The Irony of Self-Preservation in Investing
Goodlettsville, TN (PRWEB) July 08, 2013 -- The Wall Street Journal recently reported that many investors sold stocks and moved to the sidelines. Mike Cherney (“Investors Take Refuge in Cash,” June 28, 2013 – the entire article is available to Journal subscribers) wrote:
Amid the recent turmoil in financial markets, investors are finding some refuge in cash, analysts say.
Bond and stock mutual and exchange-traded funds saw outflows of $19.96 billion in the week ended Wednesday, June 26th, according to Thomson Reuters unit Lipper. This data covers funds that report weekly.
That is the biggest outflow since August 2011, as the euro-zone debt crisis was intensifying and worries about the U.S. debt ceiling were coming to a head.
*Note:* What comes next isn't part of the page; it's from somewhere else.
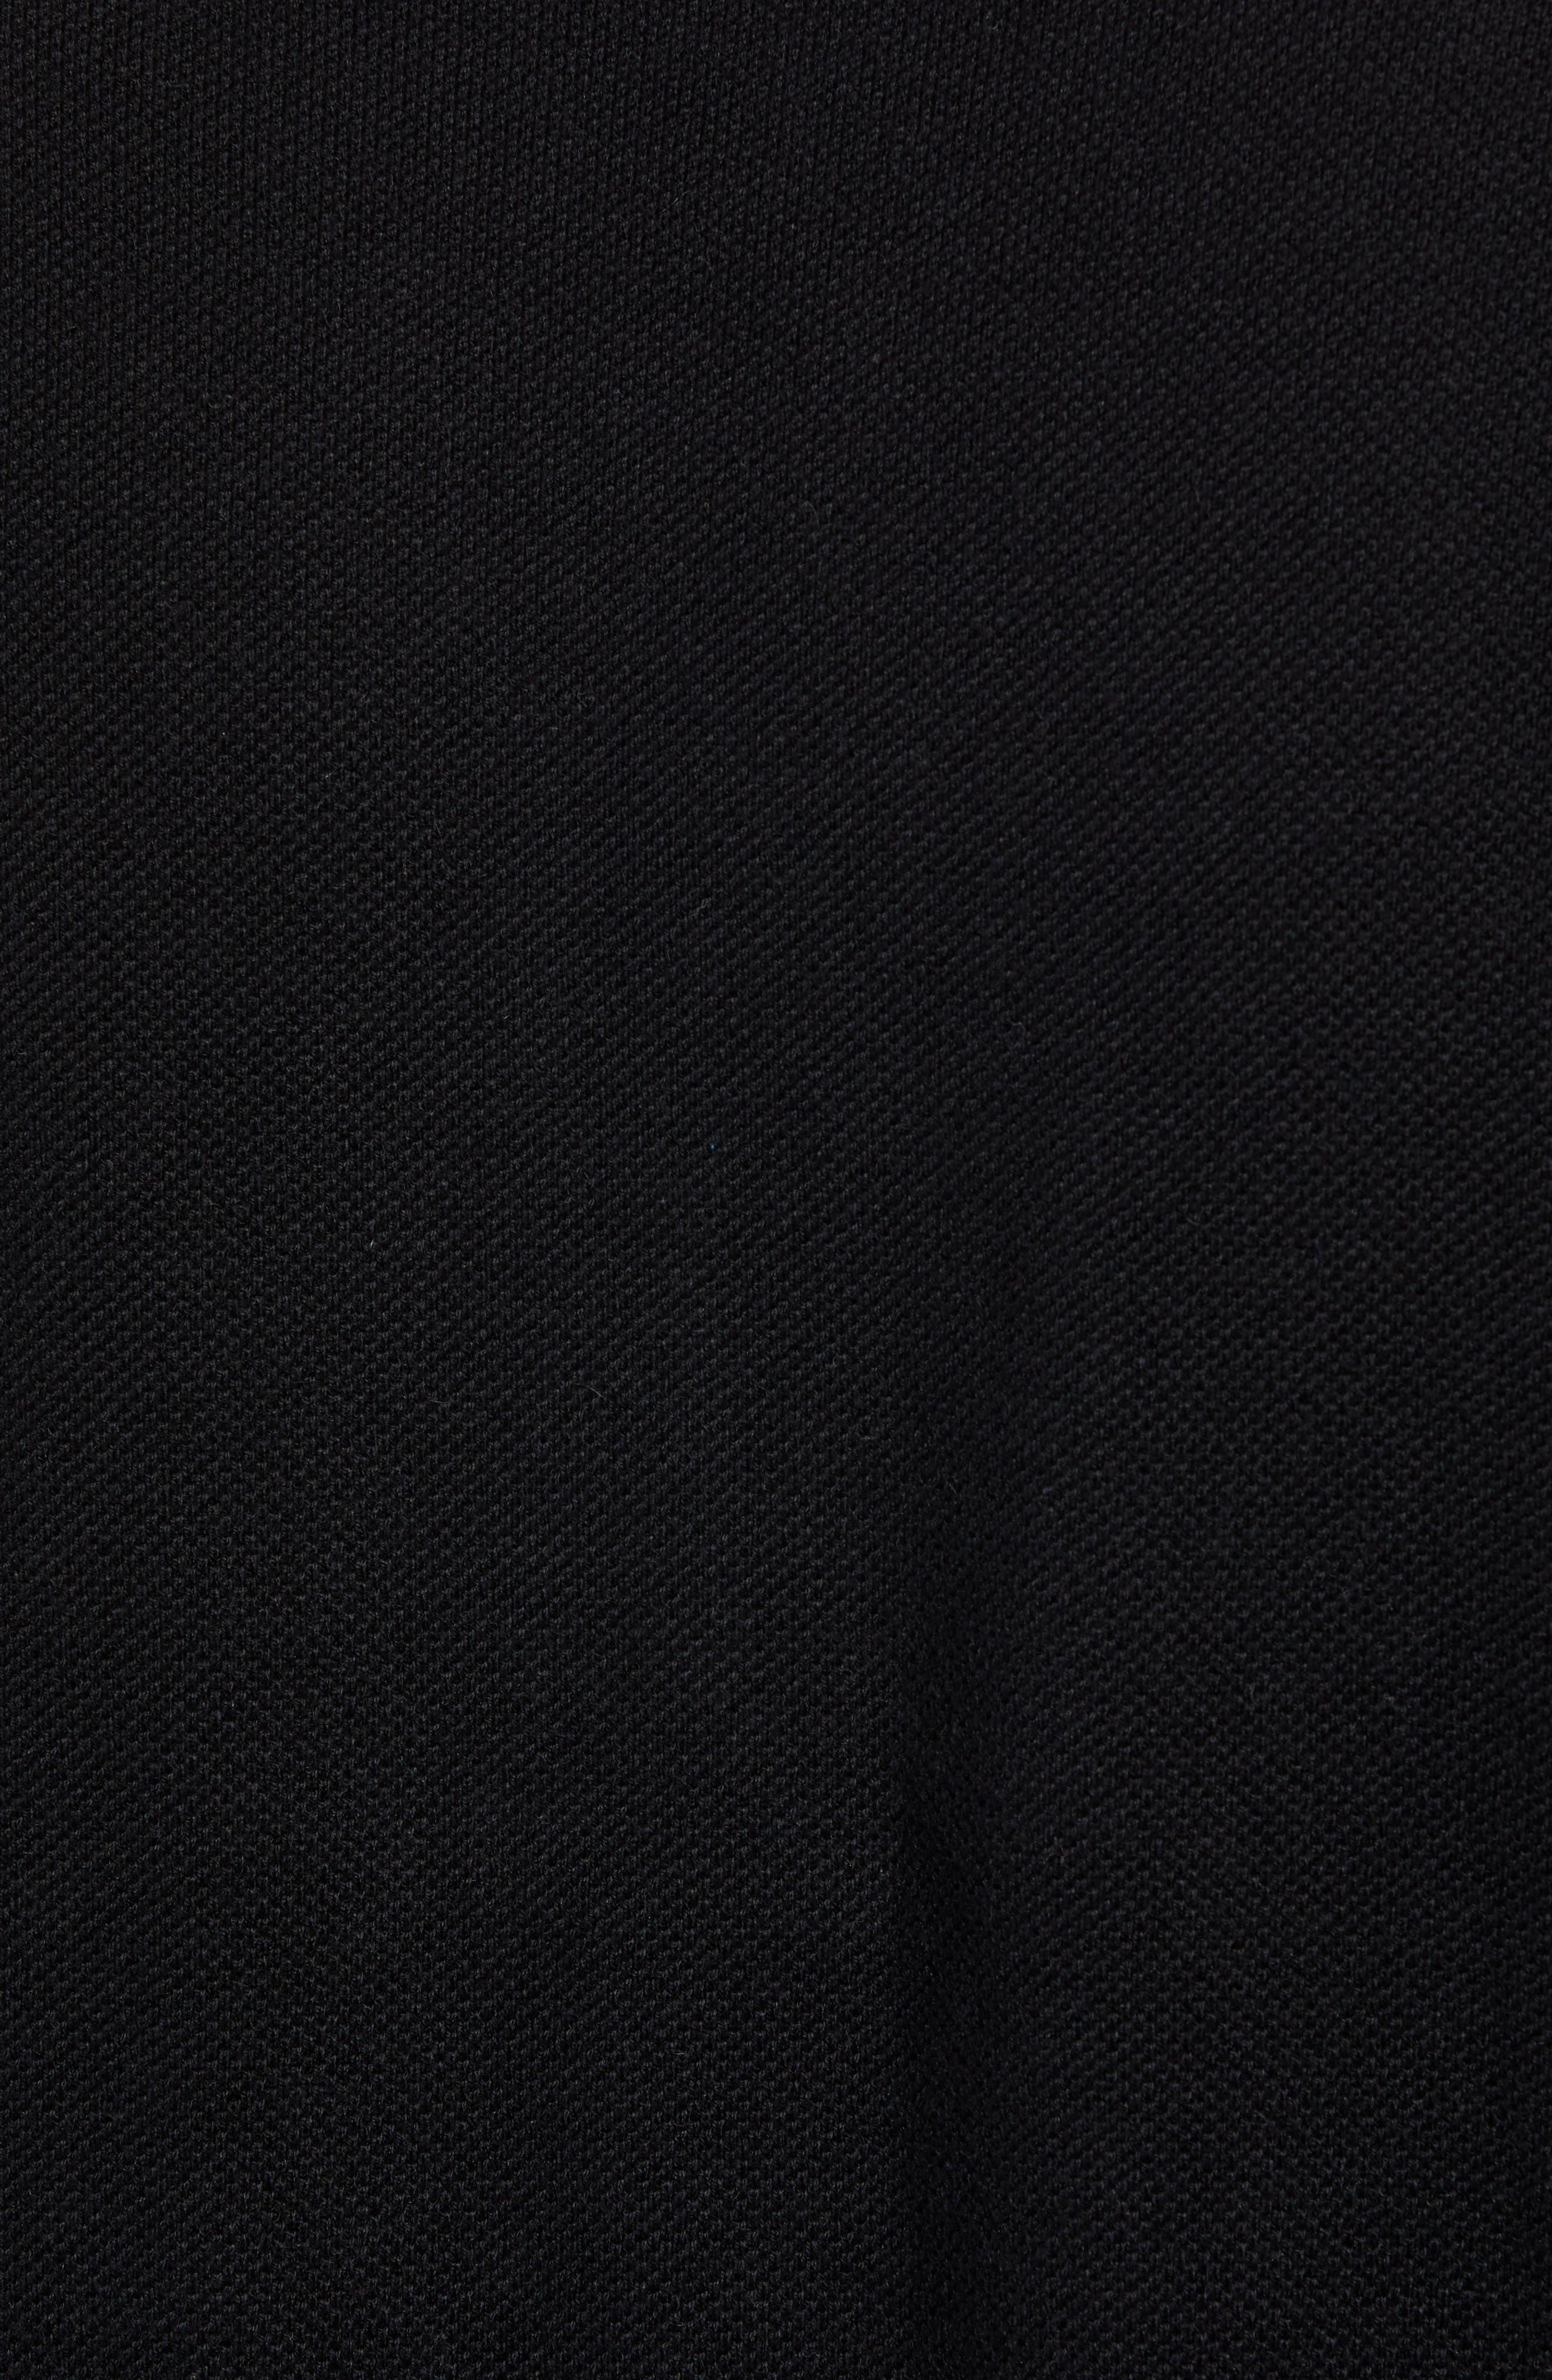 Cotton & Cashmere Piqué Crewneck Sweater,                             Alternate thumbnail 5, color,                             001

Paul Winkler, founder of Paul Winkler Inc. investment advisory firms in Nashville, Tenn., sees this retreat from stocks as short term thinking, unfortunate and not in the best interest of most investors. “The sad thing about this is that investors and investment advisors might look at this as ‘self-preservation.’ You take money out of stocks when things look uncertain and, in reality, this is nothing but ‘market timing.’”
“Market timing” is the practice of trying to predict every aspect, and whim, of market trends and other financial conditions, and to move investment money around according to those guesses. Winkler sees this as counterproductive investing.
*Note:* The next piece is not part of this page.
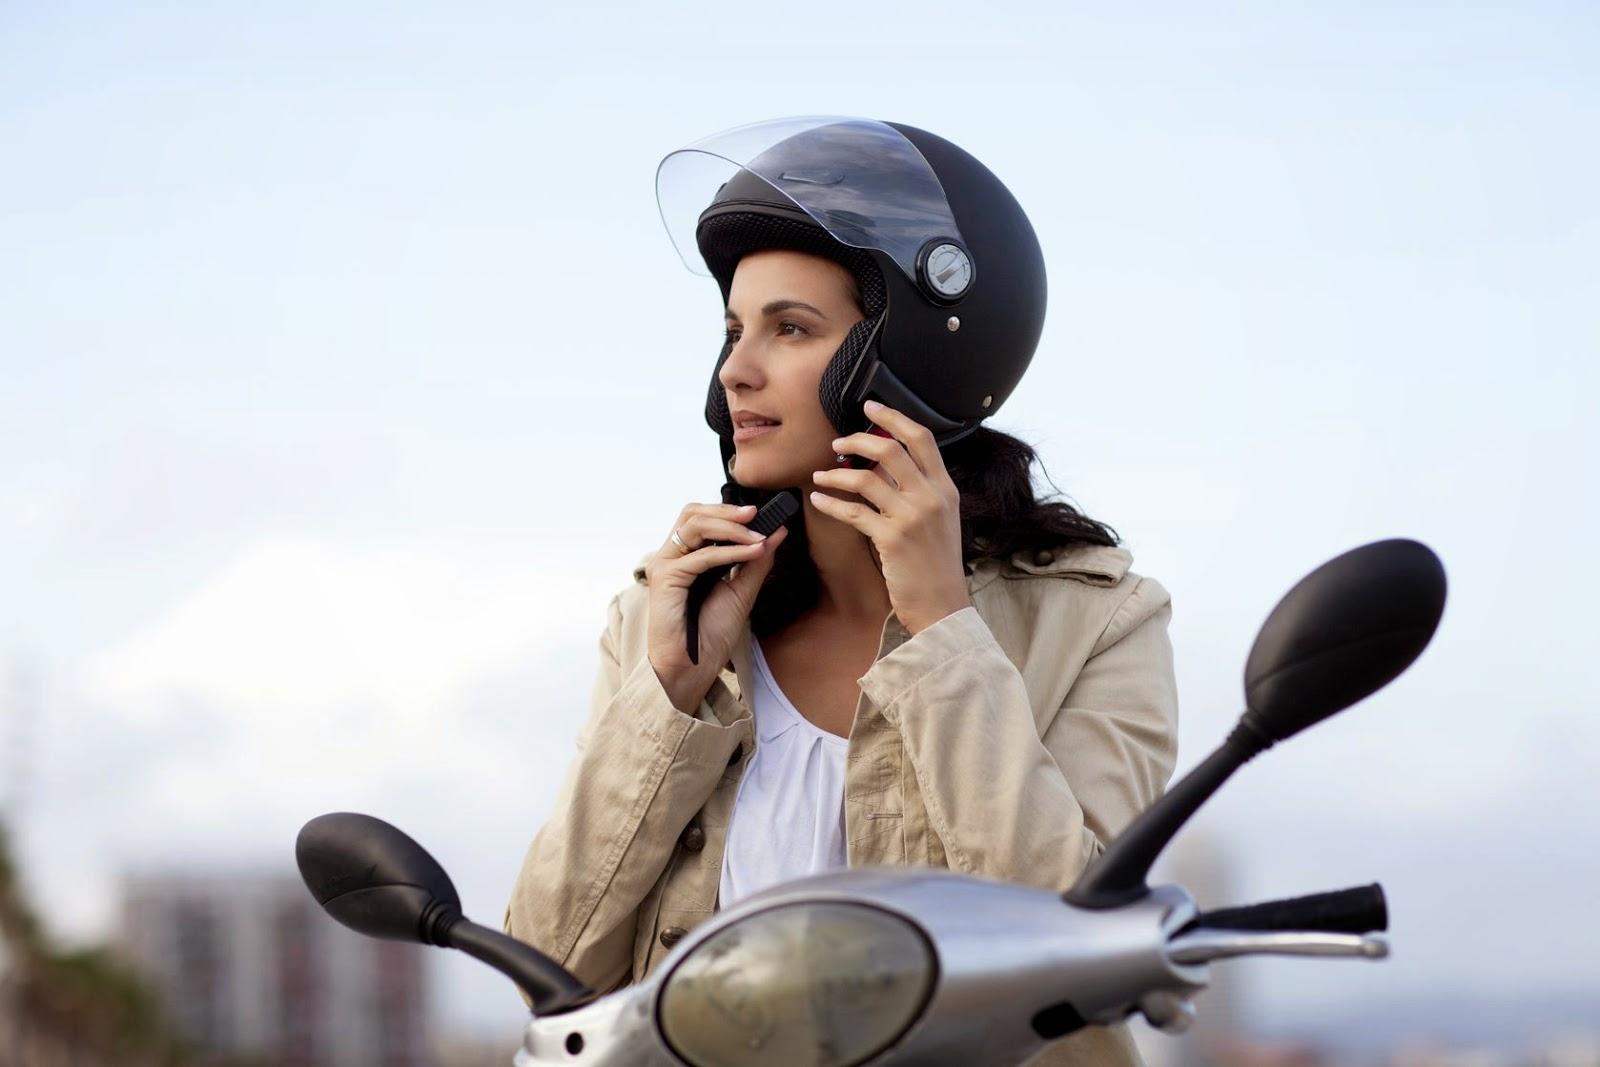 Seguridad - Motos y Ciclomotores en ciudad - eSUM

“Investors often decide whether or not to hire financial advisors based on whether they will actively manage the portfolio,” Winkler explains. “The hiring of an advisor, and investment decisions, often come down to a simple question: What is the advisors’ performance history? What the investing public doesn’t realize is,” Winkler warns, “if they are looking for short term success, they are looking for investment professionals who simply gambled and got lucky.”
Winkler looked at the performance of mutual funds over five-year periods (using information taken from the Center for Research in Securities Prices). He found that a mere eight percent of the top 25 percent of mutual funds (sorted by performance compared to their benchmarks) from 2002-2006 were again in the top 25 percent in the following period, ended 2011. As revealing, 72 percent of the top performers had ended up in the bottom 50 percent or didn’t even survive to the end of the second period (information taken from the CRSP Survivor-Bias-Free US Mutual Fund Database).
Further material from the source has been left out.